# PROVIDED MATERIAL
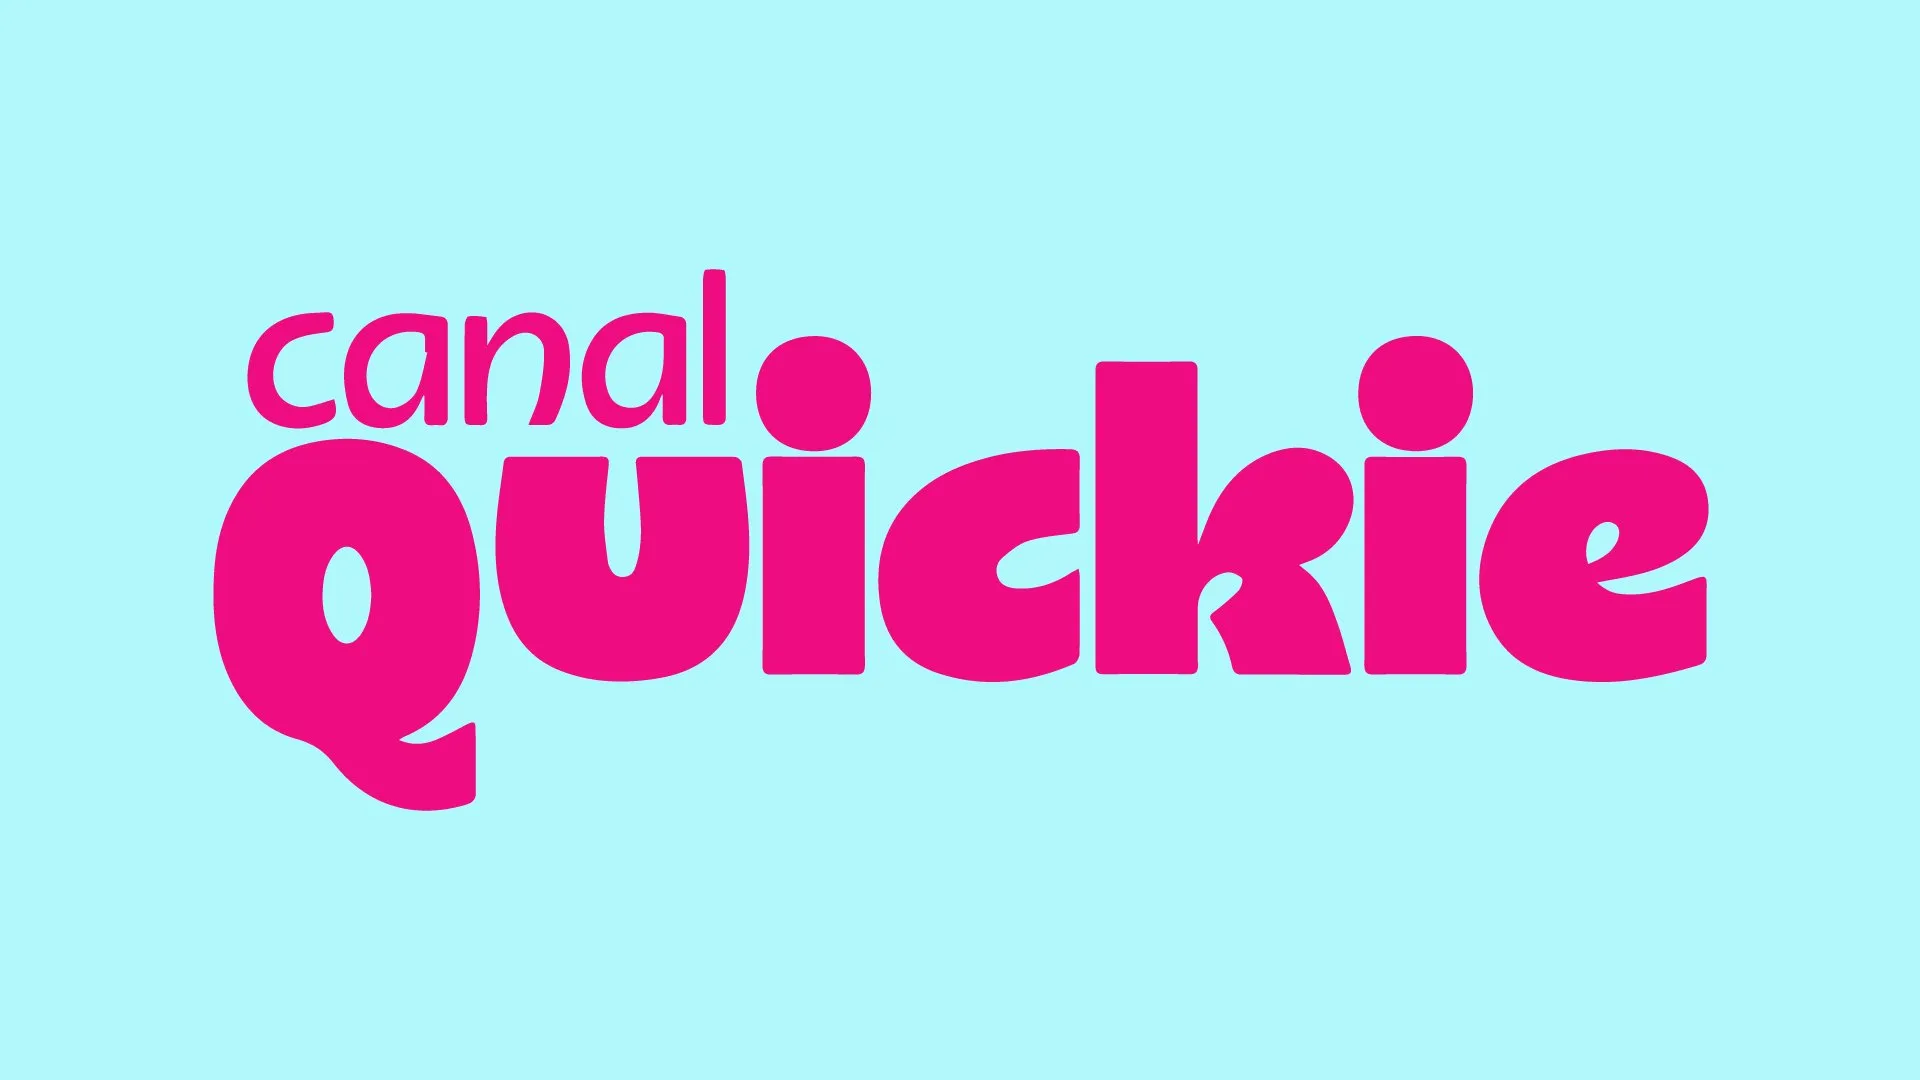 nuevo canal de televisión Quickie
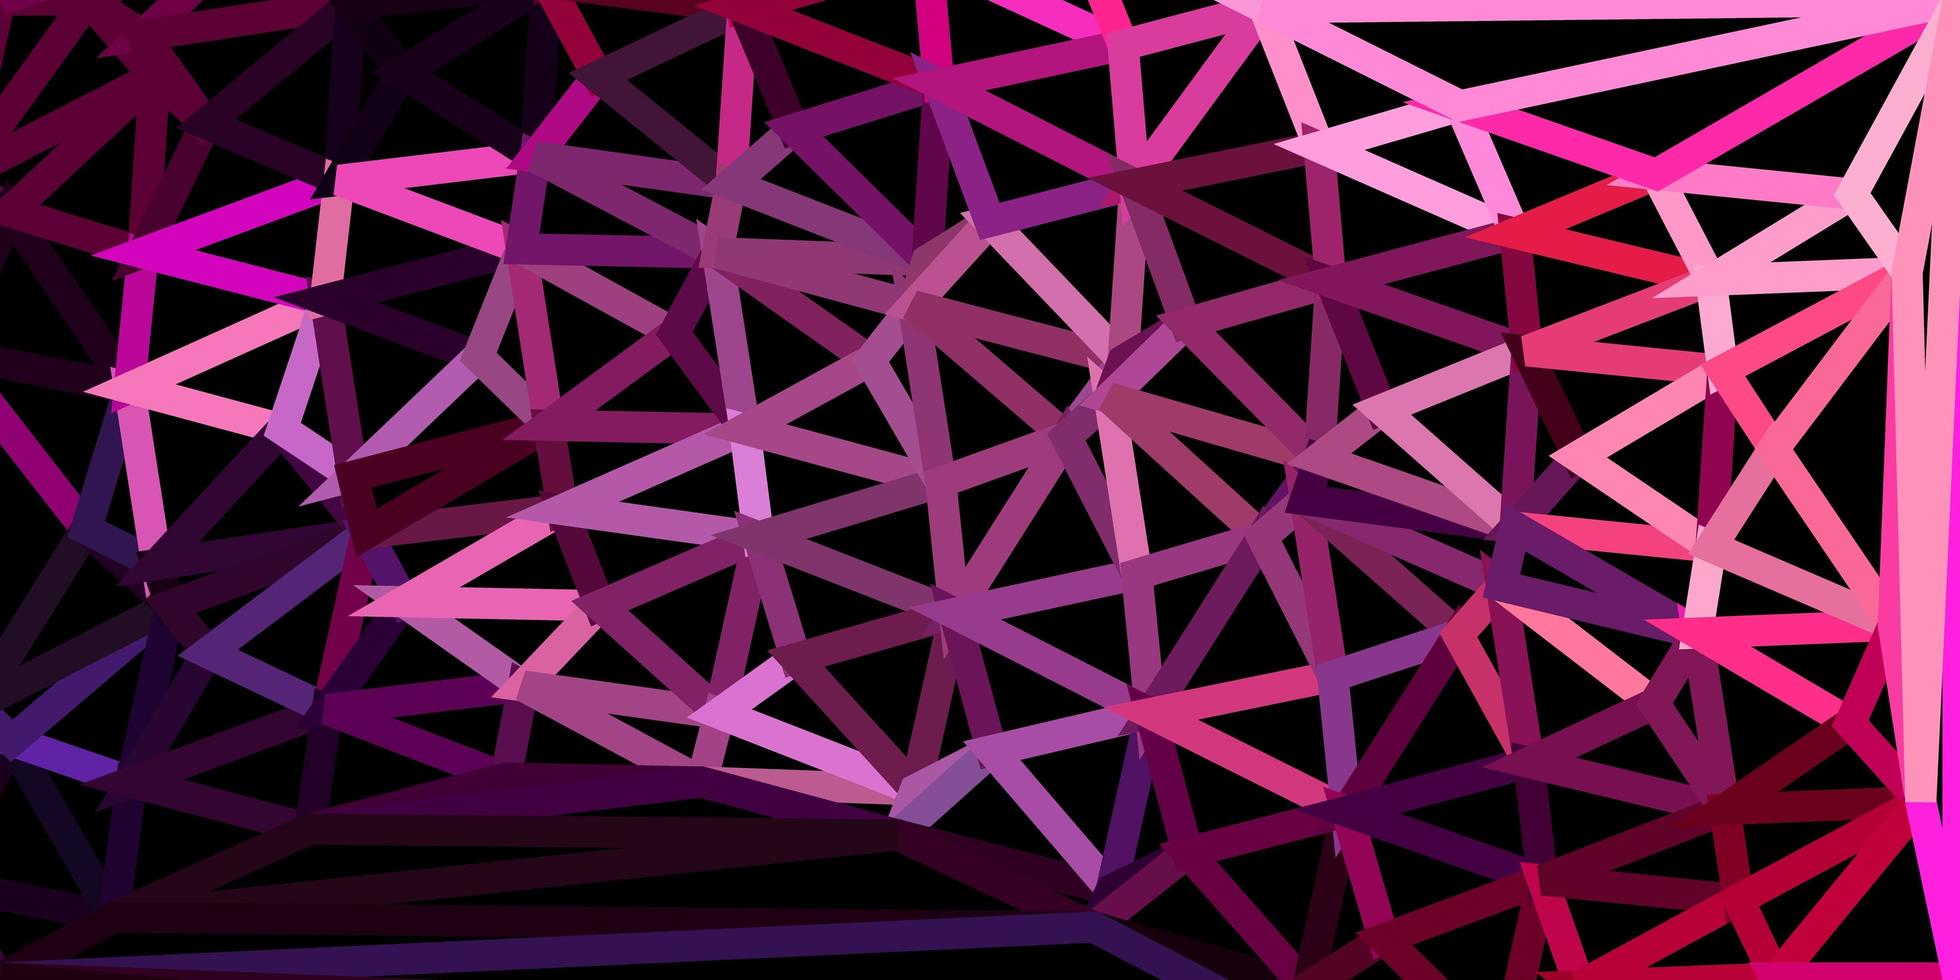 textura de triângulo poli vetor roxo e rosa escuro.
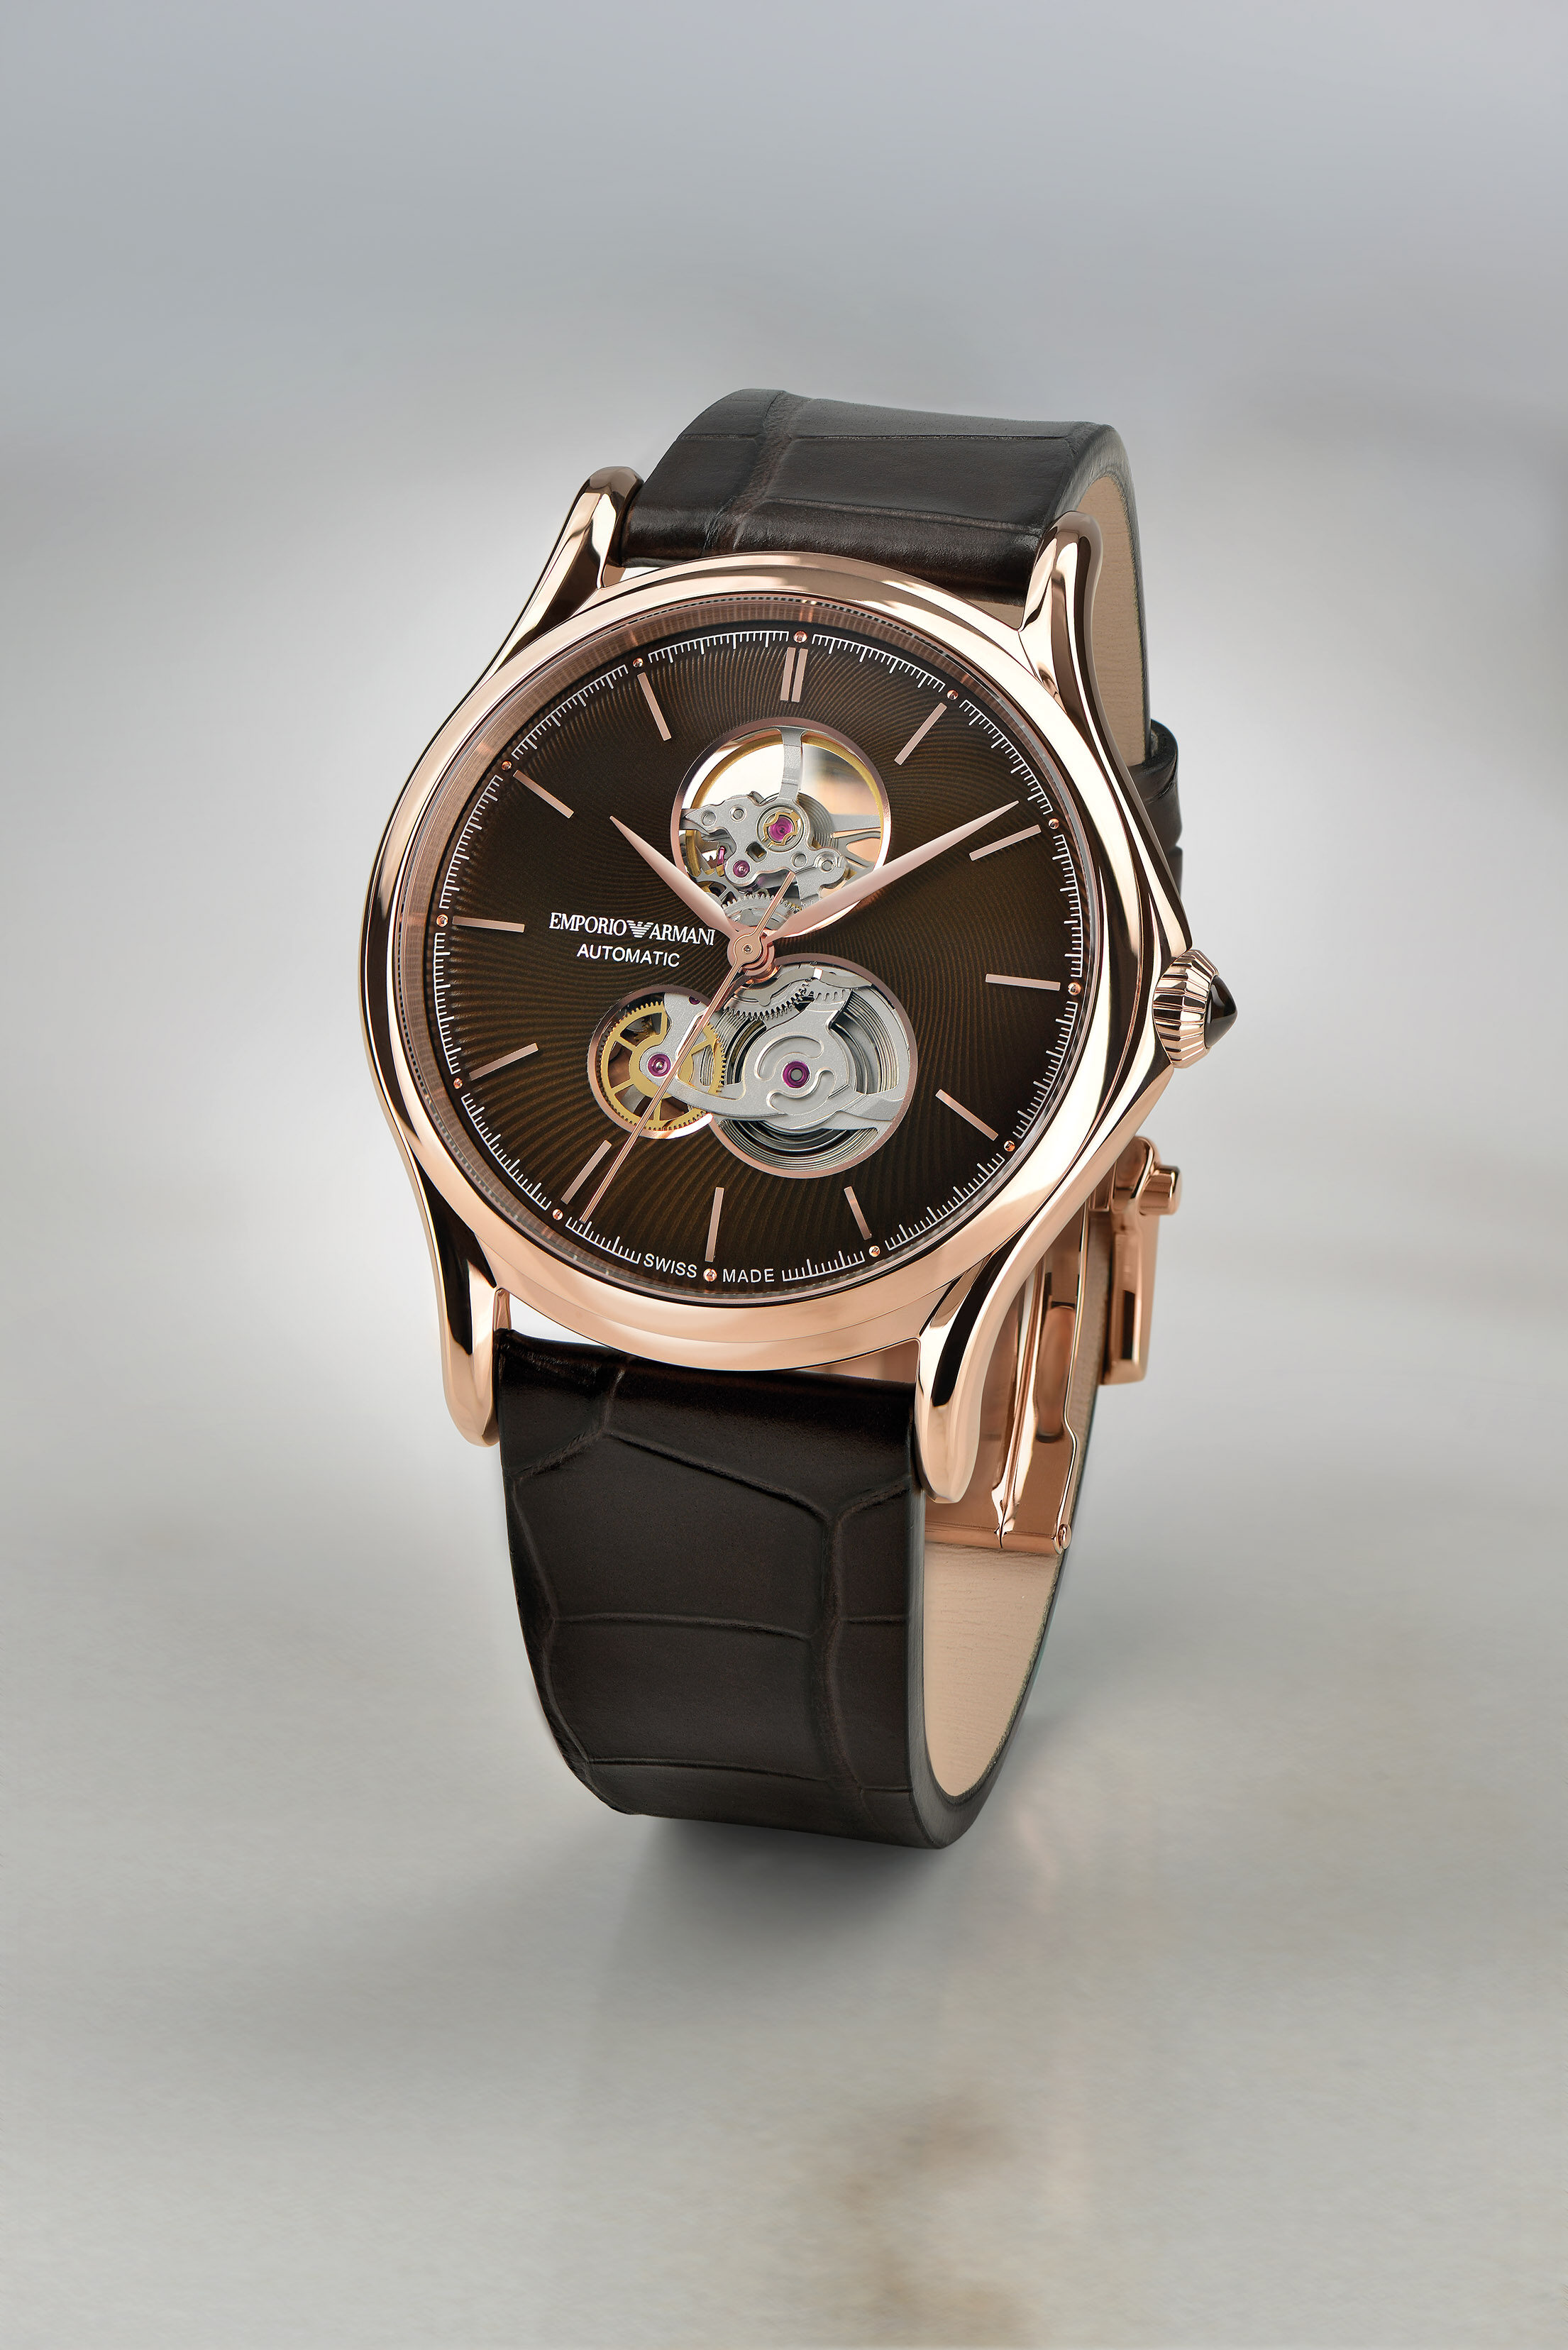 喜愛經典的你亦可選擇Classic 可見式平衡擺輪自動腕錶系列，今季以棕色為

# DIRECTIONS FOR THIS TASK
When you write out the material above, keep every line exact and drop each picture.

# EXERCISE ANSWER
 nuevo canal de televisión Quickie
 textura de triângulo poli vetor roxo e rosa escuro.
 喜愛經典的你亦可選擇Classic 可見式平衡擺輪自動腕錶系列，今季以棕色為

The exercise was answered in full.